Flagler Hospital Designated a Lung Cancer Screening Center by the American College of Radiology

 

April 1, 2017 | View PDF

Lung cancer is one of the most frequent diagnosed malignancies at Flagler Hospital. Reducing mortality rates from advanced lung cancer is an established goal for St. Johns County, as identified in the Health Leadership Council's community health needs assessment. In an effort to identify high-risk patients early, the hospital's cancer committee voted in 2015 to move forward with the mplementation of lung cancer screening at Flagler Hospital.

In 2016, Flagler Hospital was designated a Lung Cancer Screening Center by the American College of Radiology (ACR). ACR Lung Cancer Screening Center designation recognizes facilities that have committed to practice safe, effective diagnostic care for individuals at the highest risk for lung cancer.

"We are always looking at ways to improve the health of the residents in our community, and we know that lung cancer is one of the leading causes of premature death in St. Johns County," said Flagler Hospital President and CEO Joe Gordy. "The speed at which we were able to put this program together and earn this national designation is yet another testament to the collaborative relationship we have with our medical staff and our leadership team - all aimed at meeting our community's needs."

In order to receive this elite distinction, facilities must be accredited by the ACR in computed tomography in the chest module, as well as undergo a rigorous assessment of its lung cancer screening protocol and infrastructure. Also required are procedures in place for follow-up patient care, such as counseling and smoking cessation programs.

"Lung cancer screening with low dose CT removes the fatalistic belief many share - that if they have smoked for many years, there is no use in trying to quit now, " commented Dr. James Builteman, an area radiologist who led this initiative. "These screenings can help individuals retake control of their destiny. Quitting smoking not only reduces one's chances of lung cancer but just as importantly stroke, heart attack, and peripheral vascular disease."

In December 2013, the United States Preventive Services Task Force recommended screening of adults aged 55 to 80 years who have a 30 pack-year smoking history and currently smoke or have quit within the past 15 years. Lung cancer is the nation's leading cancer killer – taking the lives of more people each year than breast, colon and prostate cancers combined.

Flagler Hospital offers free quit smoking classes. The group sessions take place in the Flagler Wellness Center once a week, for one hour, over a six week period. Each week covers a different topic such as nicotine replacement therapy, stress reduction and relaxation techniques and identifying smoking triggers. Written material is provided, a toll free Quit Line is available, and people can re-enter the program as many times as necessary. Call 904-819-4338 for more information on this free course.

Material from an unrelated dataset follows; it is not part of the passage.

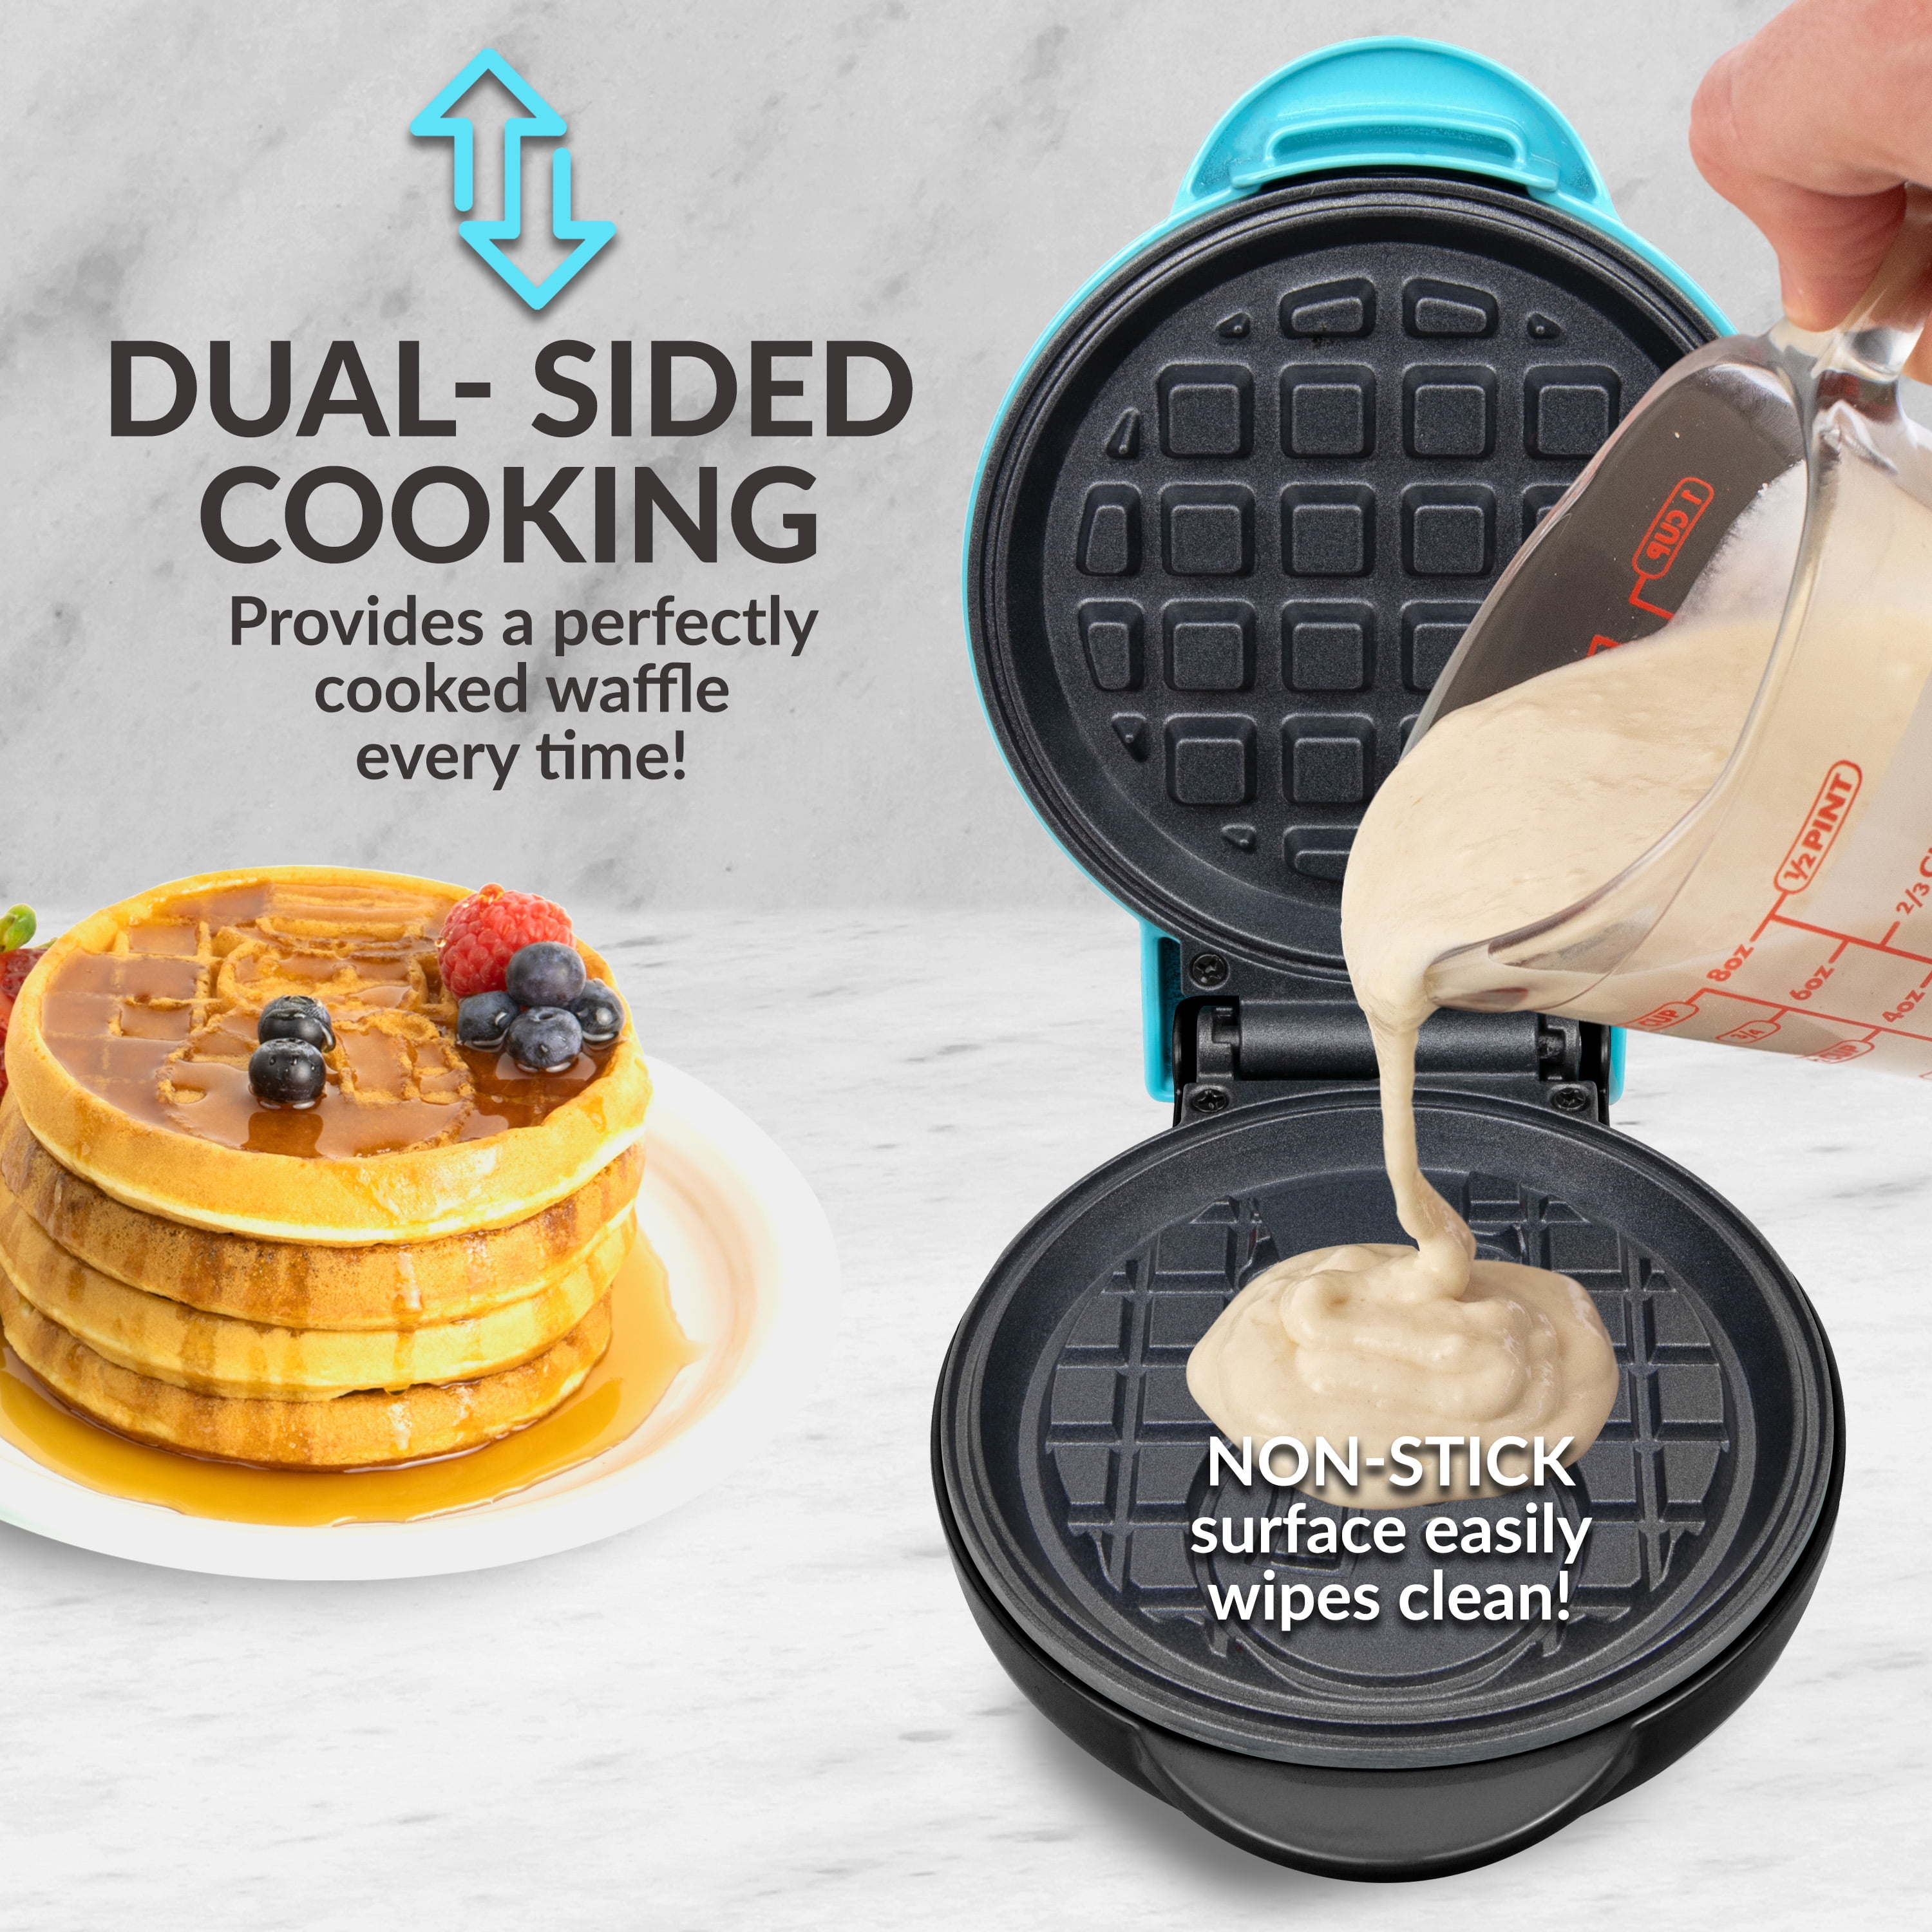 Dash Snowman Mini Waffle Maker with Ceramic Non-Stick Plates | Crate & Barrel

ABOUT Lung Cancer Screening Who is eligible for screening? Lung cancer screening is not appropriate for everybody; you qualify for screening if you:

• Are between 55-77 years old

• Have smoked within the last 15 years, and

• Have smoked 30-pack-years or more (A pack year is used to describe how many cigarettes you have smoked in your lifetime, with a pack equal to 20 cigarettes. For example, if you have smoked 2 packs a day for 15 years, you have 30 pack years)

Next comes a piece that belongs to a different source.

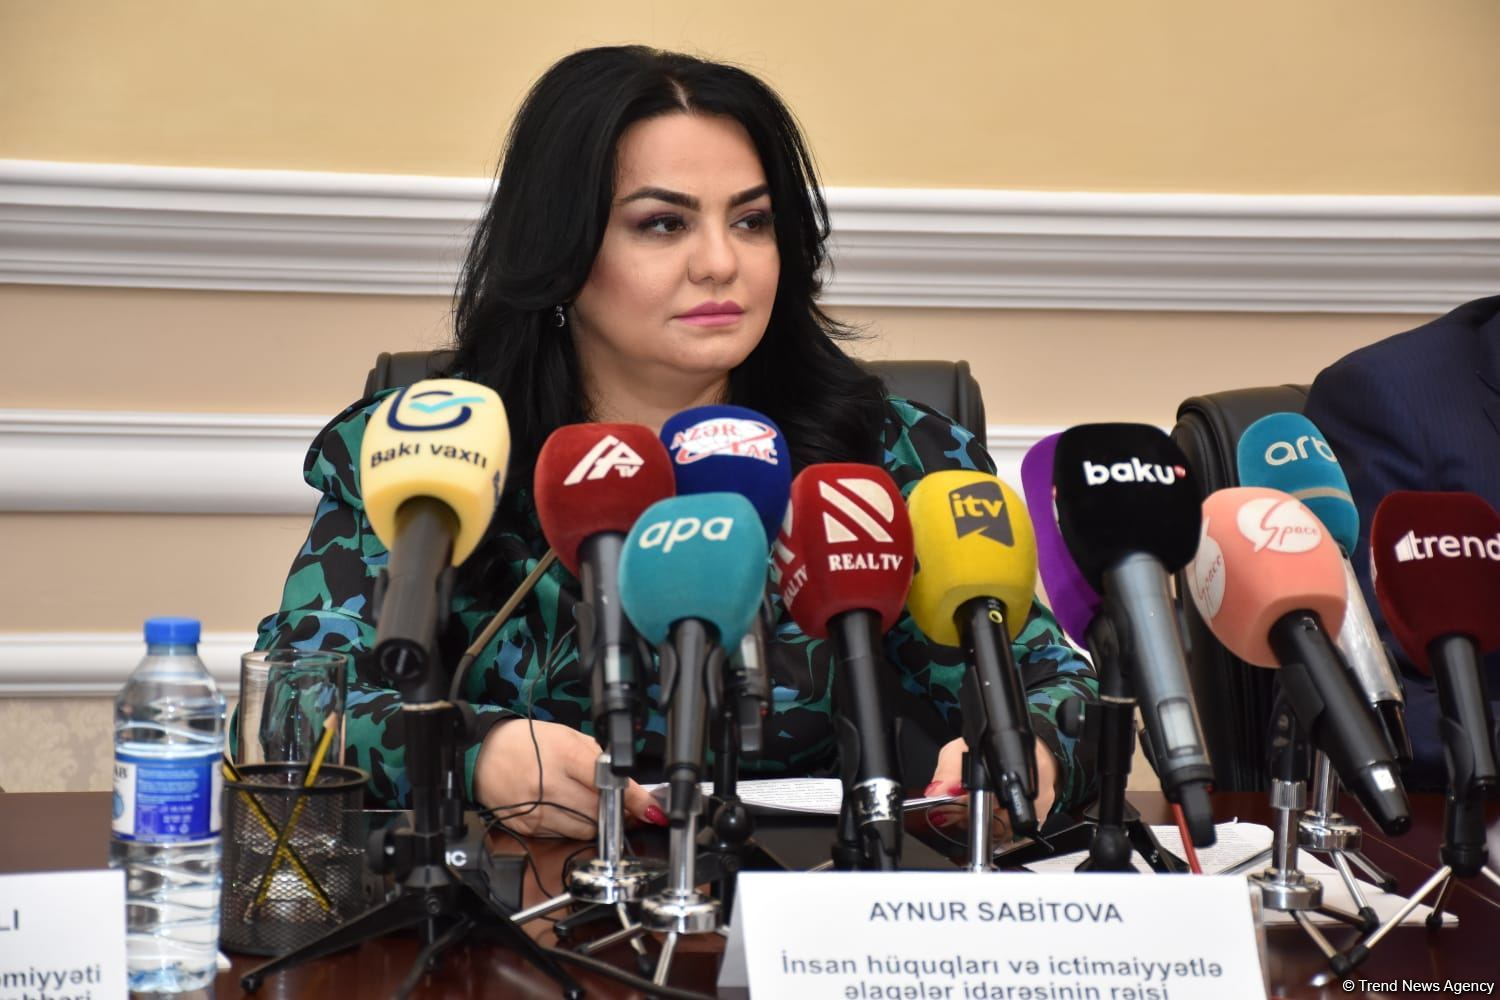 В Азербайджане создана мониторинговая группа для расследования обращений, связанных с амнистией - минюст

Darlene (pictured below) was referred for lung cancer screening by her primary care physician when he learned about her smoking history. She says she began smoking when she was 21 “because everybody smoked in the sixties” and she continued to smoke for years. She has had two annual screenings so far and will return for another visit in six months. Darleen shared that the process is very easy and provides peace of mind.

“I enjoy the staff there very much. The young ladies who screened me were fantastic and did four different tests in just over an hour,” she said.

Darlene also recommends that others start seeing a primary care doctor regularly if they don’t already. She says she has adopted a healthier lifestyle, quit drinking soda, is watching what she eats and has lost 40 lbs.

Flagler Hospital is a 335 bed, acute care hospital that has consistently ranked among the top hospitals in the nation by leading ratings agencies. The hospital has operated as a not-for-profit healthcare institution in St. Augustine, Florida since its founding in 1889. Flagler Hospital's focus on quality has resulted in numerous national accreditations including, designation as a Chest Pain Center by the Society of Chest Pain Centers, ANCC Magnet Status for Nursing Excellence, the Gold Seal of Approval™ from The Joint Commission for Primary Stroke Care Centers, National accreditation for its total hip and total knee replacement programs and accreditation of its Cancer Institute by the Commission on Cancer. To learn more about all of the hospital's services log on to http://www.FlaglerHospital.org.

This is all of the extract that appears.